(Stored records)
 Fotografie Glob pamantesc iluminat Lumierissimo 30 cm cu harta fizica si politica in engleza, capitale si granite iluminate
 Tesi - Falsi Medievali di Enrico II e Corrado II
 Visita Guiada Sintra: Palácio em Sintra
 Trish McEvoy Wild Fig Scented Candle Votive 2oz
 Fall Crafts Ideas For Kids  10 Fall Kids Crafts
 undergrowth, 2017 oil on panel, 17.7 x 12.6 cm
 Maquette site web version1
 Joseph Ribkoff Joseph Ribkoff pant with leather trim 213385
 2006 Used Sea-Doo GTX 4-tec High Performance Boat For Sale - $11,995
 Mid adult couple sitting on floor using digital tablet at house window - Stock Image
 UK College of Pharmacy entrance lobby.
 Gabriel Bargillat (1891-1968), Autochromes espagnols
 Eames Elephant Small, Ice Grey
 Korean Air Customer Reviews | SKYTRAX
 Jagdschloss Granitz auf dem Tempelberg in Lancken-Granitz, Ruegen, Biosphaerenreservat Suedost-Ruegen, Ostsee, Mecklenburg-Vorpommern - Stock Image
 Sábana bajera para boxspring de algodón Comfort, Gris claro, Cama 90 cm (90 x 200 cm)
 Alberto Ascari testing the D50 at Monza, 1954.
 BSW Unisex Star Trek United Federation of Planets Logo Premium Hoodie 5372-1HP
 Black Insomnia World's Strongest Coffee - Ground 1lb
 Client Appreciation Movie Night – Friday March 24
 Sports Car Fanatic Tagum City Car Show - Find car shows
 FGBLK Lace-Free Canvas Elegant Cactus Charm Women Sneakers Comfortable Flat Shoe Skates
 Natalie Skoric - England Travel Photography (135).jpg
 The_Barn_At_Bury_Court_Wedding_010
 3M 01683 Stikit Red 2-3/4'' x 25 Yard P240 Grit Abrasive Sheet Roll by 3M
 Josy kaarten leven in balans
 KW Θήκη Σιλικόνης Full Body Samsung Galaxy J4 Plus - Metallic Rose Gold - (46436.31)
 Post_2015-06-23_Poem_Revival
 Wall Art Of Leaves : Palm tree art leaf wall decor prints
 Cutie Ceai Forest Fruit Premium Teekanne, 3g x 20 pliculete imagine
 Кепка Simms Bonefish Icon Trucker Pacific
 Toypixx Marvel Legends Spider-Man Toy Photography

**PROMPT**
Emit an exact copy of the lines spanning the start of the records to the line containing "Joseph Ribkoff Joseph", inclusive, and no other output.

**THE ANSWER**
 Fotografie Glob pamantesc iluminat Lumierissimo 30 cm cu harta fizica si politica in engleza, capitale si granite iluminate
 Tesi - Falsi Medievali di Enrico II e Corrado II
 Visita Guiada Sintra: Palácio em Sintra
 Trish McEvoy Wild Fig Scented Candle Votive 2oz
 Fall Crafts Ideas For Kids  10 Fall Kids Crafts
 undergrowth, 2017 oil on panel, 17.7 x 12.6 cm
 Maquette site web version1
 Joseph Ribkoff Joseph Ribkoff pant with leather trim 213385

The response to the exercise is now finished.